We wrote an FDW for Socrata-powered [1] government open data portals to query the public datasets that we index in the Splitgraph catalog as a proof-of-concept. However, there are plenty of other FDWs that we're working on integrating to let people add their own backend data sources (RDS, Snowflake etc).

FDW plugin quality varies (some of them can't push down all predicates or JOINs) but it's definitely an interesting way to think about accessing data. We also added a lot of scaffolding around foreign data wrappers in our open-source tool [2] that makes it easy to add a FDW-managed data source to a PostgreSQL instance.

[0] https://www.splitgraph.com/blog/data-delivery-network-launch

[1] https://www.tylertech.com/products/socrata

[2] https://www.splitgraph.com/blog/foreign-data-wrappers

Then you might be even more surprised to find out that Foreign Data Wrappers are Postgres' implementation of the ANSI SQL standard extension known as "SQL/MED" [1], where MED stands for "management of external data".

I spent a number of years working on a data federation/virtualization engine - and SQL/MED is very much related to that.

It's actually a relatively unknown topic by many software/data engineers I have worked with, but things like GraphQL federation (example, Apollo GraphQL) or some of the more popular tools such as Presto, Dremio, Denodo, etc.) are where more advanced versions of this are today.

SQL/MED and what Postgres can do is quite cool, but just know that any time you have system boundaries you cross (e.g. between heterogenous systems), things like joins, data types, and many other things becoming a bit more difficult - or you just have to think about them more. But very cool tech.

I've used SQL/MED in Postgres, FDW, linked servers in SQL Server, database links in Oracle, and more advanced virtualization/federation engines also.

If you haven't been exposed to this area before, highly recommended as another tool to know about for the toolkit.

[1] https://en.wikipedia.org/wiki/SQL/MED

There are generally two classes for FDWs: Postgres<->Postgres and Postgres->Everything else.

The first one is generally suitable for production and is very useful for sharded Postgres when you want to communicate across shards without having to go back out through the application.

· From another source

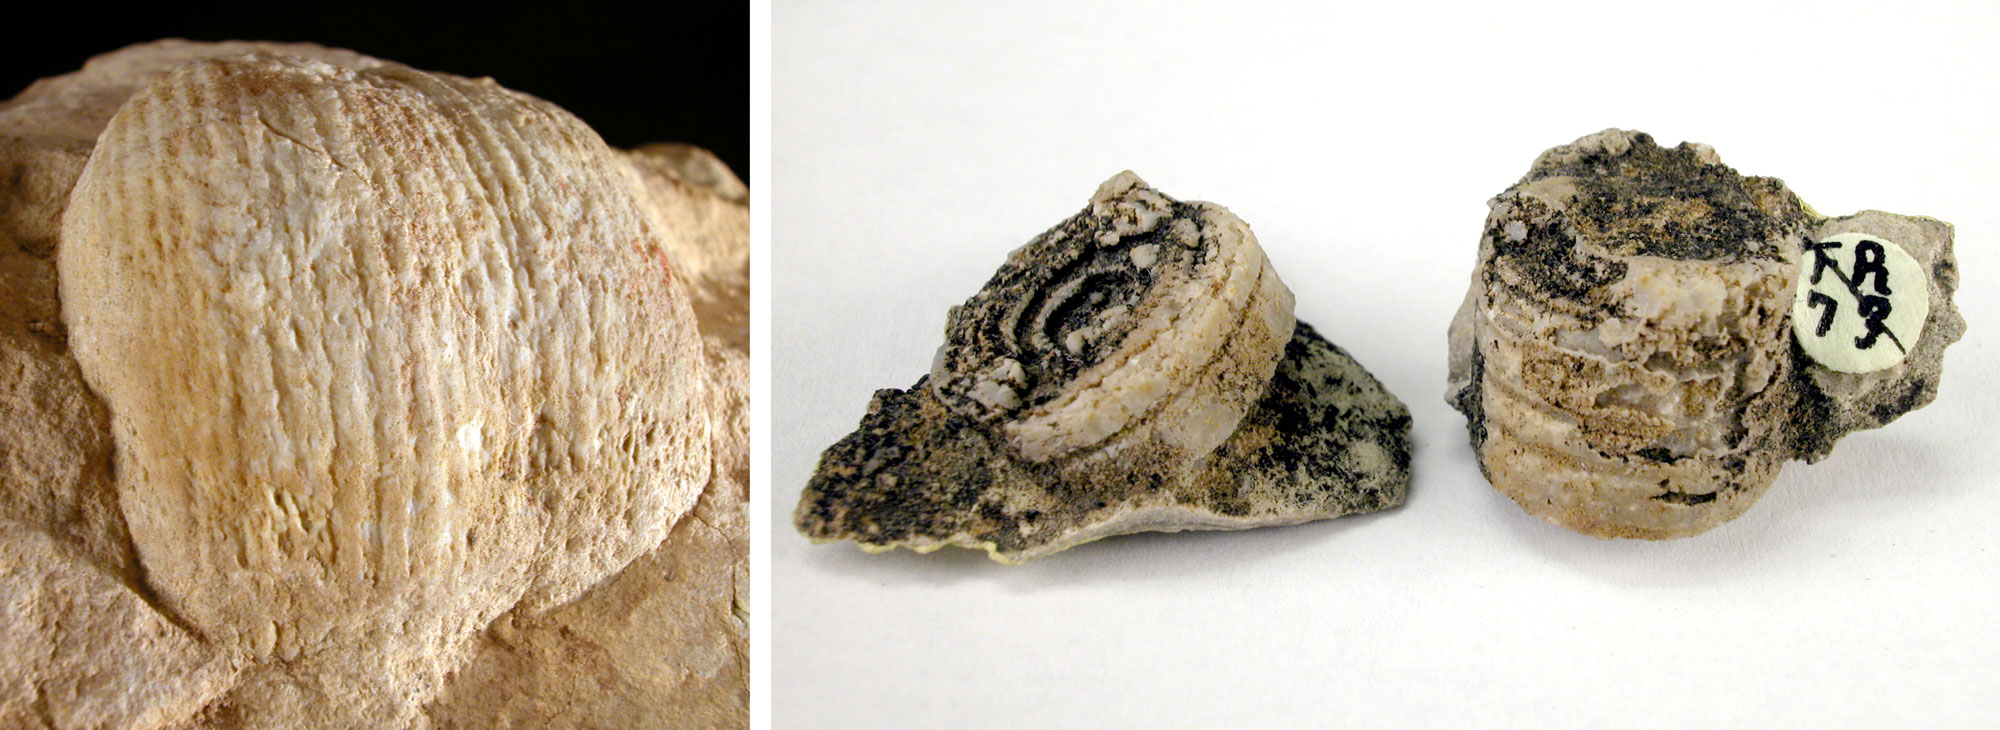 2-panel figure showing photos of fossil marine invertebrates from the Mississippian Kaibab Formation, Grand Canyon. Panel 1: Photo fo a brachiopod; one striated valve (shell) can be seen. Panel 2: Portions of crinoid stalks; each partial stalk is made up of several ring-shaped segments stacked on top of each other.

The second one's mileage really varies. Some implementations might or might not be prod ready or mig target only specific version combinations. Can be very useful for data engineering or analytics use cases for quick ETL into a staging database. Or for data migrations between database vendors.

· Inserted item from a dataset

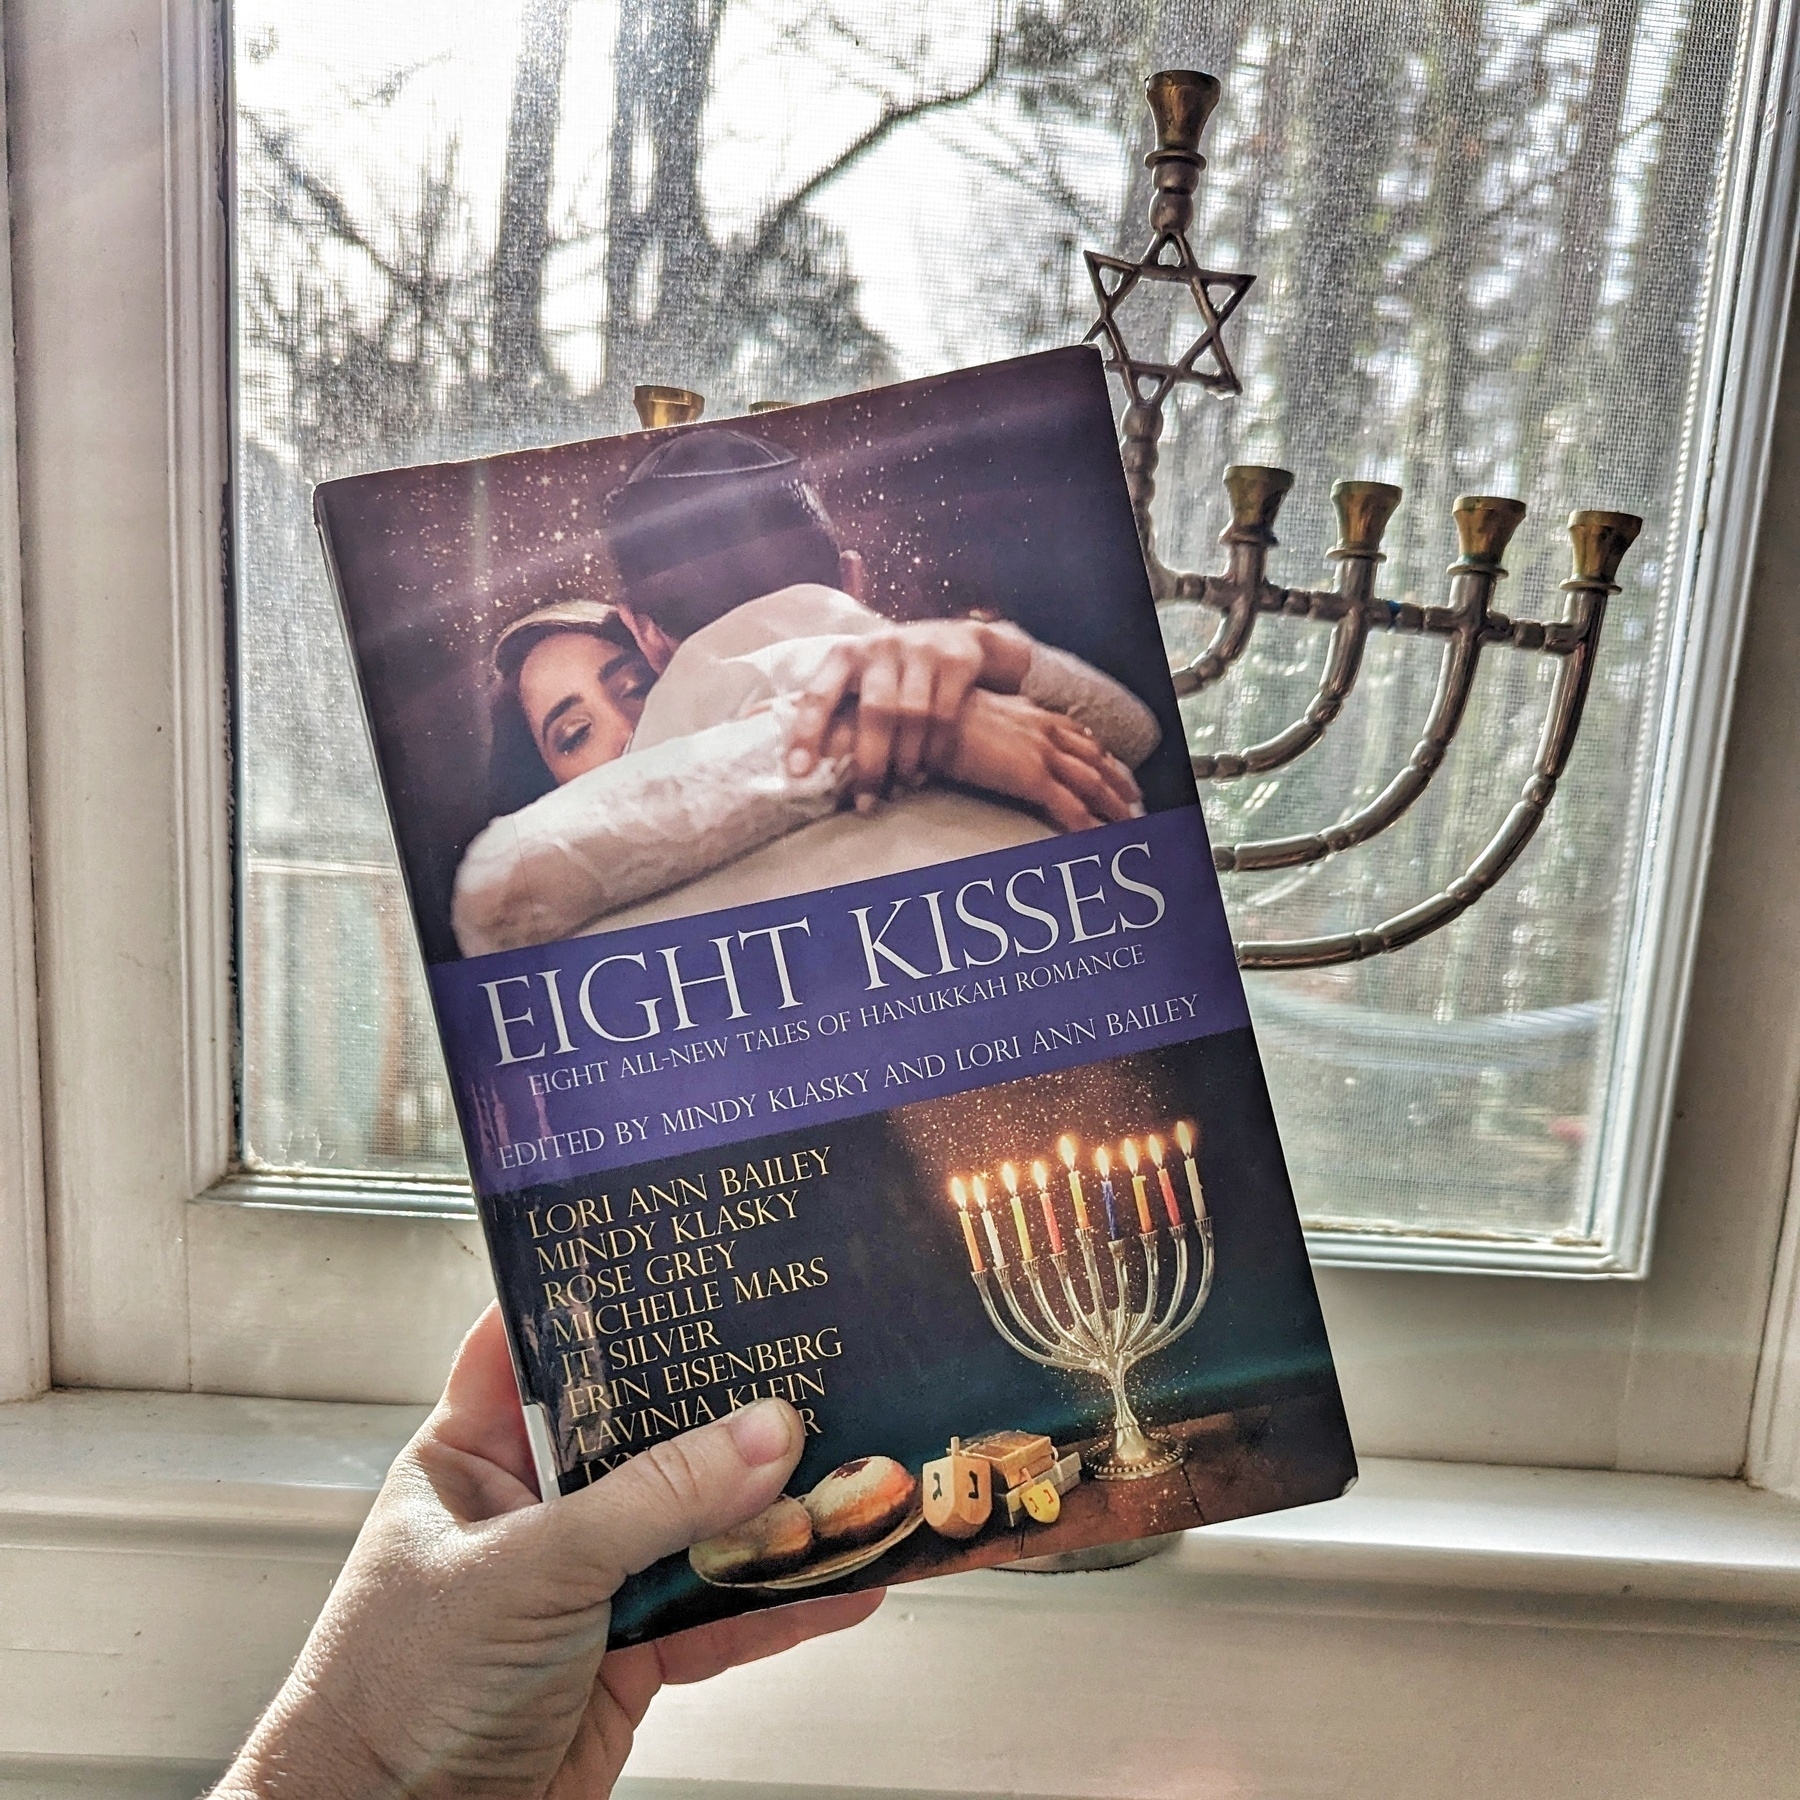 A hand holding the book “Eight Kisses” in front of a window with a menorah on the sill, showcasing a cover featuring two people embracing and a lit menorah. The book is a collection of eight stories of Hanukkah romance by various authors.

This could be of interest to you:

Ville Tuulos - How to Build a SQL-based Data Warehouse for 100+ Billion Rows in Python

PyData SV 2014 - In this talk, we show how and why AdRoll built a custom, high-performance data warehouse in Python which can handle hundreds of billions of data points with sub-minute latency on a small cluster of servers. This feat is made possible by a non-trivial combination of compressed data structures, meta-programming, and just-in-time compilation using Numba, a compiler for numerical Python. To enable smooth interoperability with existing tools, the system provides a standard SQL-interface using Multicorn and Foreign Data Wrappers in PostgreSQL.

https://www.youtube.com/watch?v=xnfnv6WT1Ng

I definitely think they are used in production though I haven't tried it myself.

But I can find ancedots of people using it production on the web[1].

1: https://carto.com/blog/postgres-fdw/

Currently using this one https://github.com/pramsey/pgsql-ogr-fdw for an image migration project. Using it to pull image metadata thru ODBC. While it's primary design is for GIS data, it works well for any ODBC database.
Here's a great list of Postgres FDWs: https://wiki.postgresql.org/wiki/Foreign_data_wrappers

I had no idea PG has native FDWs for Twitter and S3. That's pretty awesome.

It's been used quite a lot, especially when dealing with legacy databases or having to support multiple databases with a single codebase.

There is one concern though. Both Google Cloud SQL and AWS RDS support only postgres_fdw, so one should manage their own storage, cluster and backups.

I've written a DB2 FDW that is used in production. Not as good as direct access of course, but very practical still.